Cutinases can also degrade PLA, an artificial polyester made from renewable lactic acid [123]. Although PLA is biodegradable, its rate of degradation under mild conditions is slow [124,125]. A recent study characterized a bacterial cutinase, derived from the composting strain Thermobifida alba, that can efficiently degrade PLA [126]. Similarly, another bacterial cutinase, derived from Amycolatopsis mediterranei, biodegrades polyhydroxybutyl succinate (PBS), which is an artificial and biodegradable polyester that is more stable than PLA, under mild conditions, as well as PCL. However, it does not degrade PLA or PET [127,128].

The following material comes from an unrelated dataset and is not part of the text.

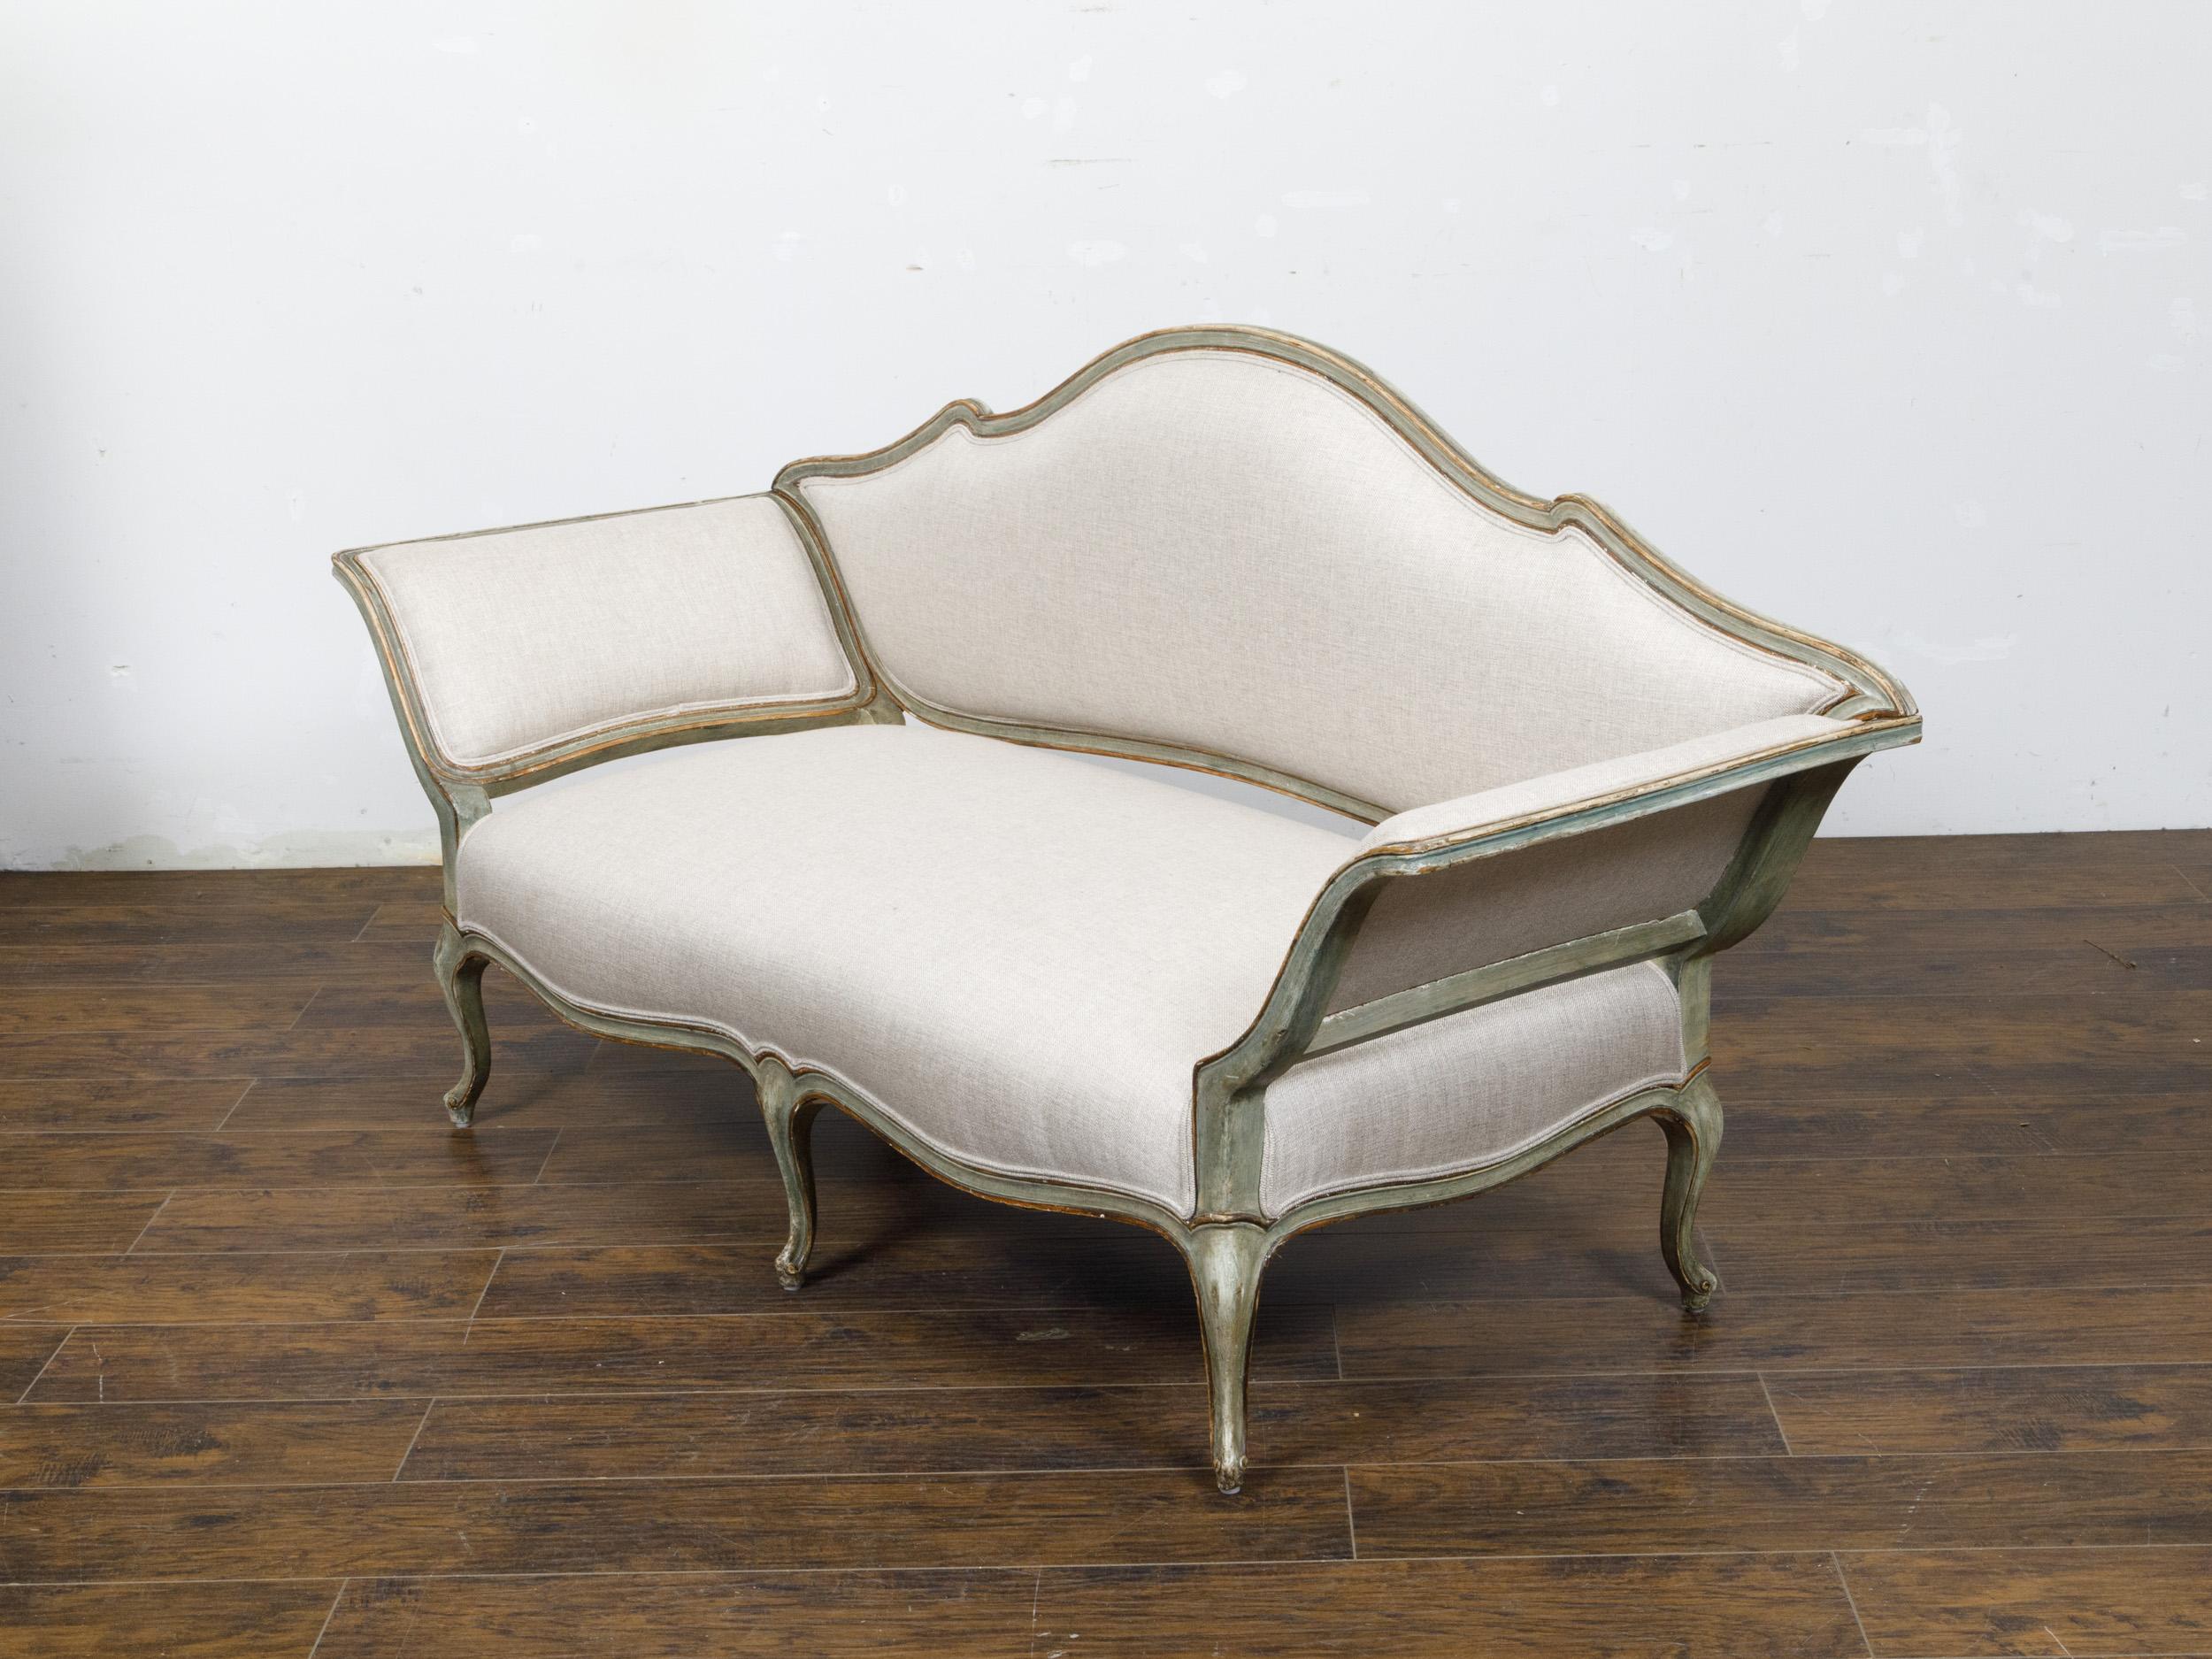 An Italian Rococo style settee from the 19th century with gray green painted finish, out-scrolling arms, shaped back and cabriole legs. This Italian Rococo style settee from the 19th century is a graceful blend of elegance and historical charm. It

Cutinases can act as biocatalysts in esterification and transesterification reactions, which are the reverse of biodegradation reactions, to produce polyamides and polyesters [109]. For example, cutinases from F. solani pisi and Burkholderia cepacia have been used in esterification reactions. However, the catalytic efficiency of cutinases is diminished by low pH, particularly when substrate concentrations are high. The operational pH range of an enzyme, along with temperature, is a critical factor in determining its appropriateness for industrial applications; even minor deviations from the optimal pH can result in reduced enzymatic efficiency, highlighting the importance of meticulous control over reaction conditions in industrial processes. The ionization state of catalytic triad residues is highly pH-dependent and, as a consequence, the enzyme’s ability to bind substrates and catalyze hydrolytic reactions is governed by the surrounding pH. In many instances, the optimal pH is strongly correlated with the enzyme’s isoelectric point (pI) and the local microenvironment within the active site [129]. Thus, cutinase stability in acidic environments is an important factor to consider when selecting cutinases as esterification catalysts [130,131]. Notably, enzyme engineering has been used to enhance the efficiency of cutinases in various applications.

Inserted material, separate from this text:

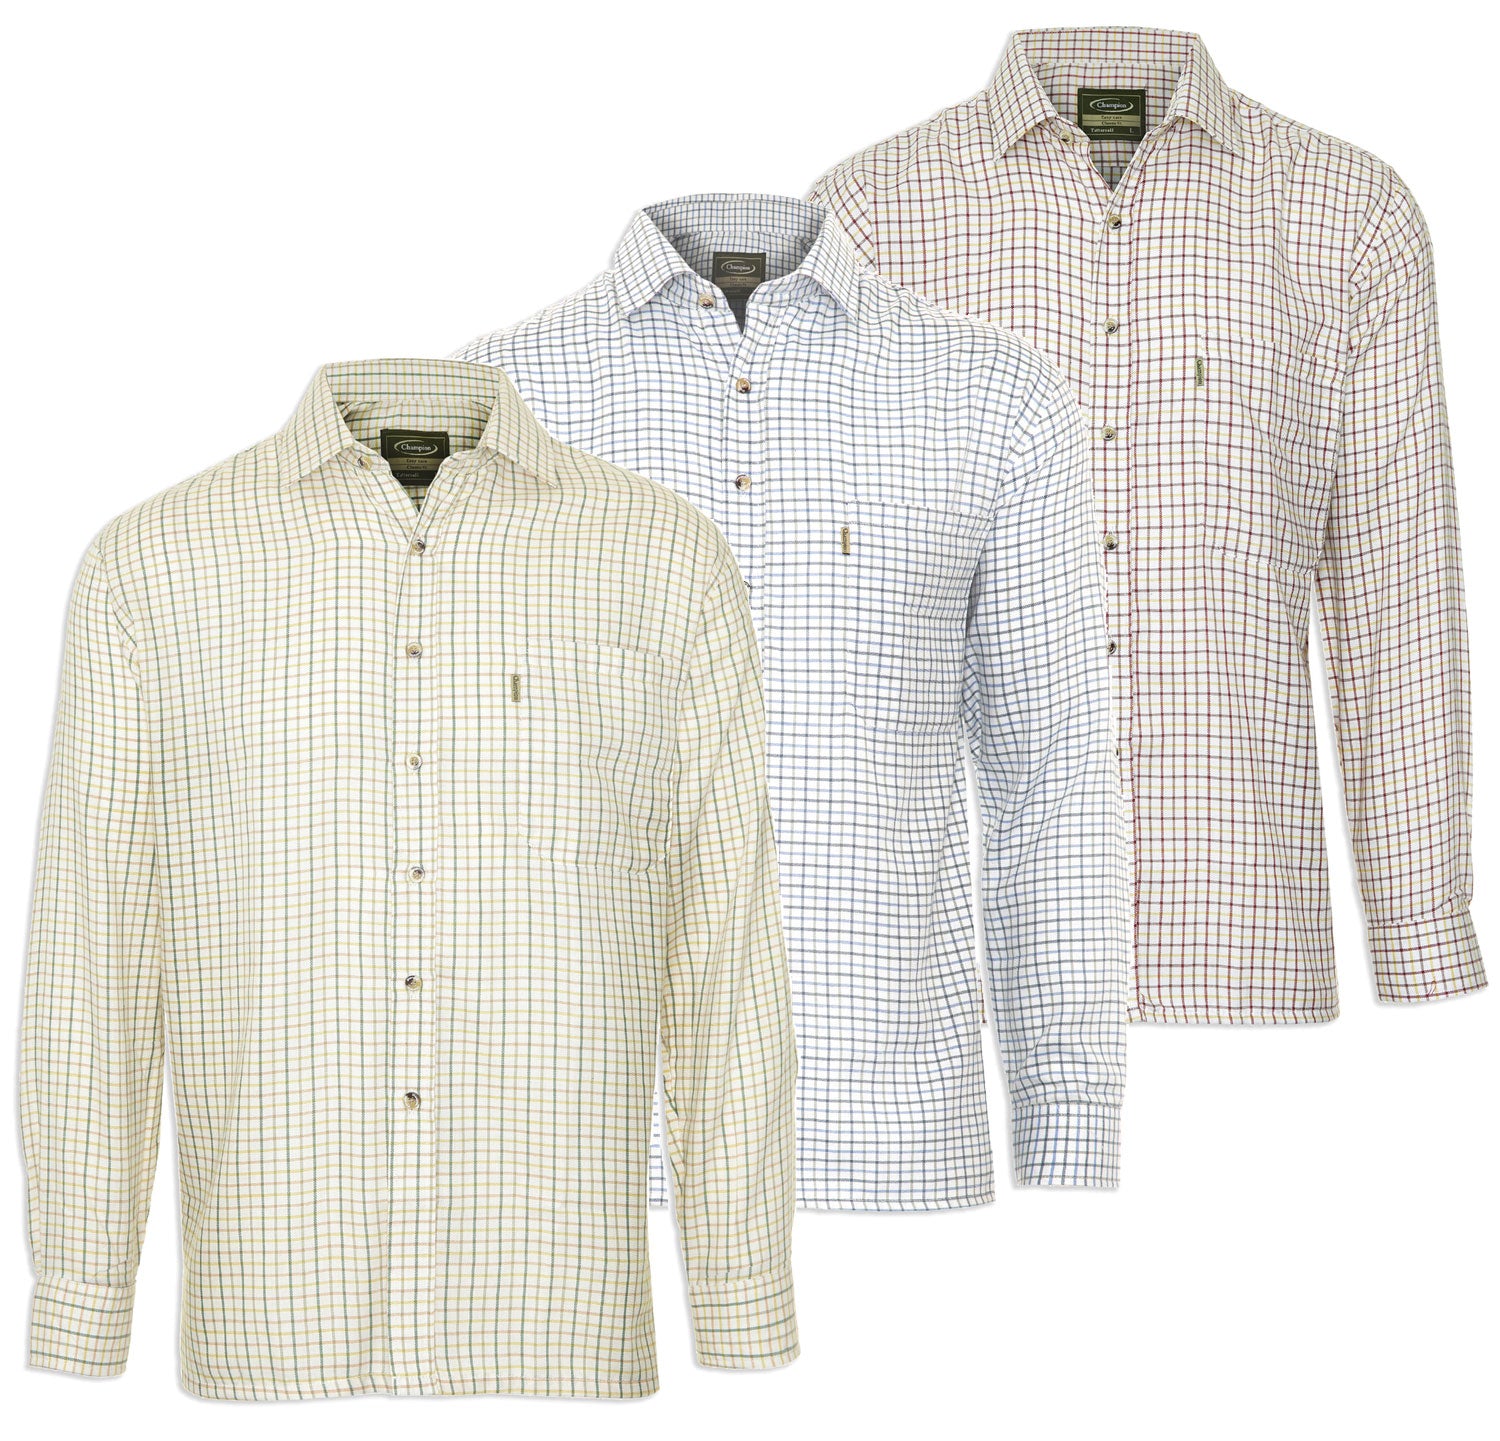 Champion Tattersall Check Shirt in Green/Brown, Blue and Red

The catalytic mechanism of cutinases relies on a conserved serine-histidine-aspartate triad, which facilitates nucleophilic attack on the carbonyl carbon of ester bonds. Unlike traditional lipases, which generally require an interfacial activation step to expose their active site, cutinases inherently possess an open conformation that is accessible to substrates regardless of their solubility state [109,132]. Structural studies have shown that the substrate-binding pocket is lined with hydrophobic and polar residues that engage substrates via a network of hydrogen bonds and van der Waals interactions, thereby ensuring high catalytic efficacy on both hydrophobic polymers and low-molecular-weight esters [98]. The kinetic behavior of cutinases is generally described by Michaelis–Menten parameters, although the actual catalytic efficiency is highly influenced by substrate chain length, conformation, and the surrounding reaction medium [94,96].

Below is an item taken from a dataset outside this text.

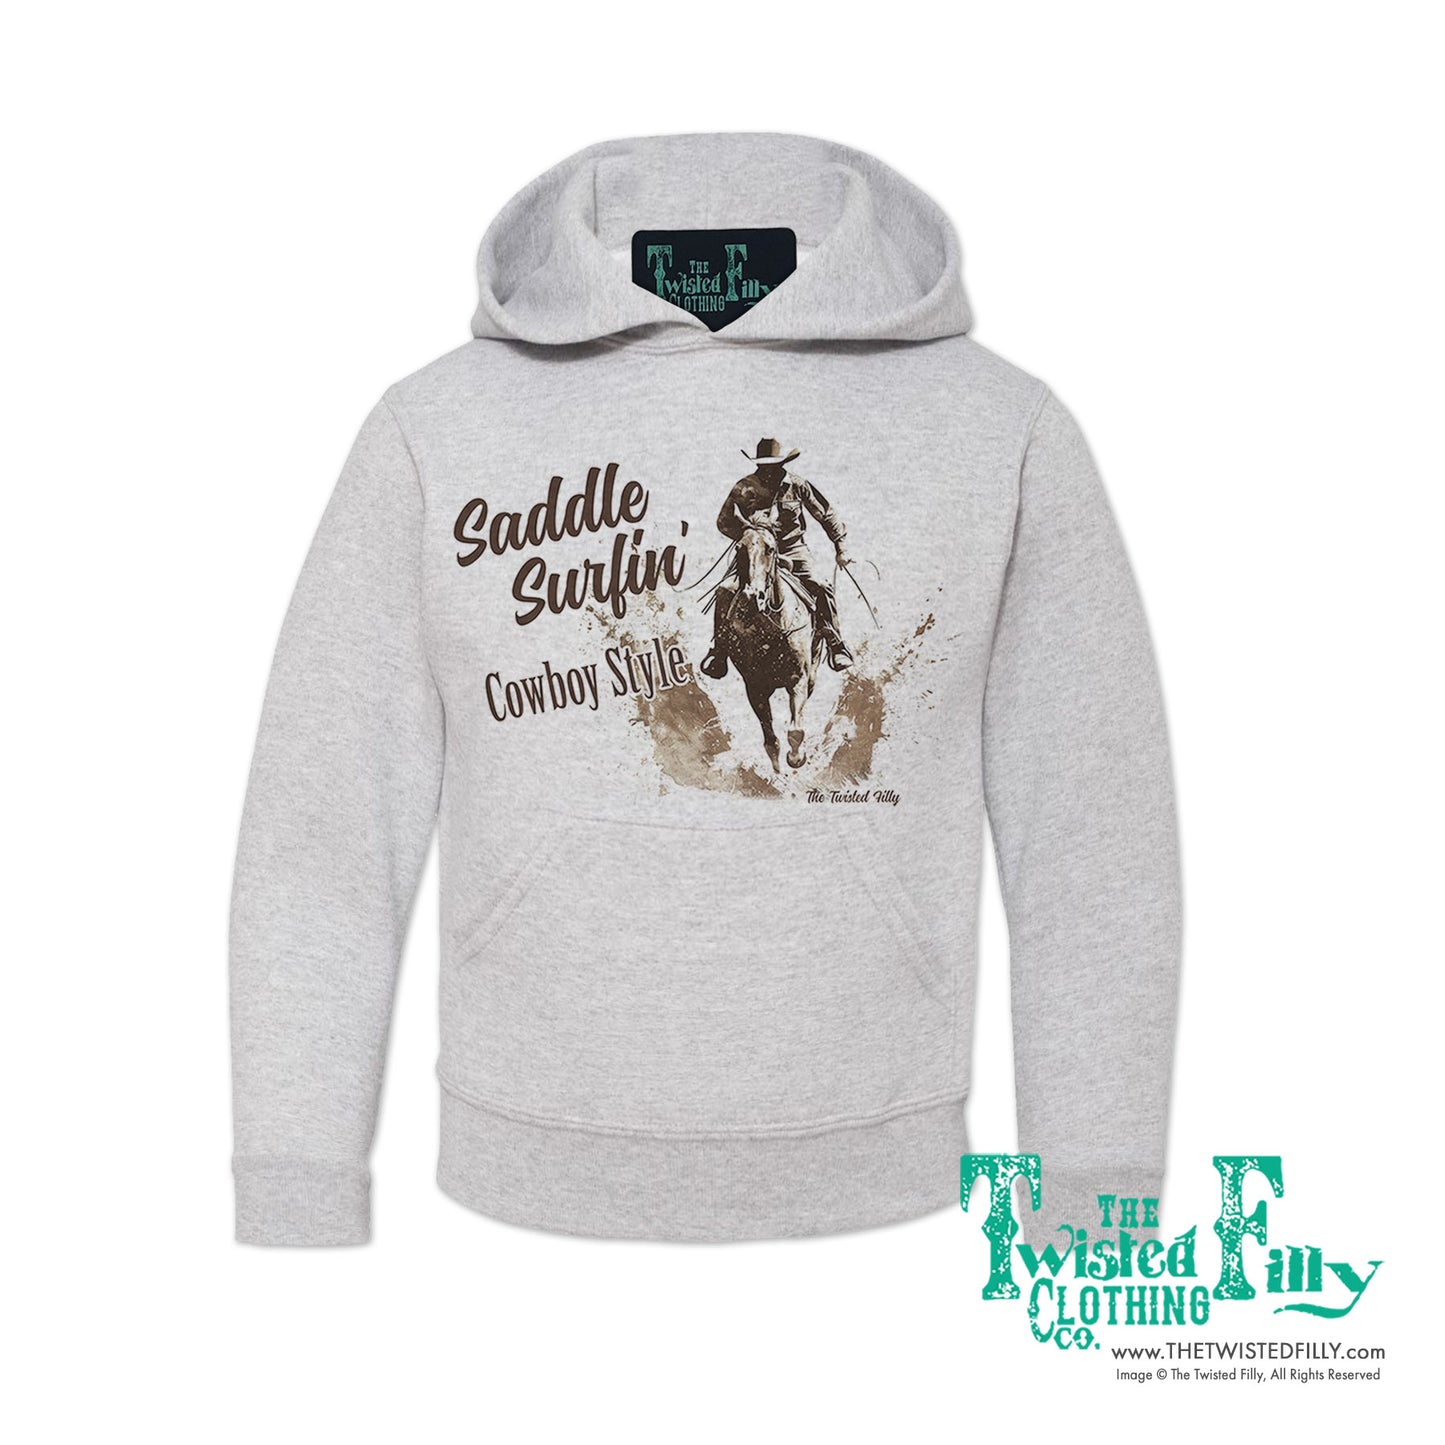 Saddle Surfin' Cowboy Style - Youth Boys Hoodie - Assorted Colors

4.4.3. Medical Applications of Cutinases

From a structural perspective, cutinases typically possess a catalytic triad that facilitates ester bond hydrolysis, yet emerging studies have identified additional domains such as noncatalytic polymer-binding regions that broaden their substrate specificity [94]. The presence of such specialized domains may enhance cutinases’ affinity toward synthetic polymers, thus positioning them as valuable biocatalysts in the controlled synthesis of biomaterials [133]. Furthermore, research suggests that while the catalytic action of these enzymes is well documented in environmental and industrial processes, their translational potential in medical applications remains a frontier worthy of exploration [134]. The integration of detailed structure–function studies with innovative engineering approaches is expected to unlock further insights into cutinase behavior that are critical for clinical adaptation [94].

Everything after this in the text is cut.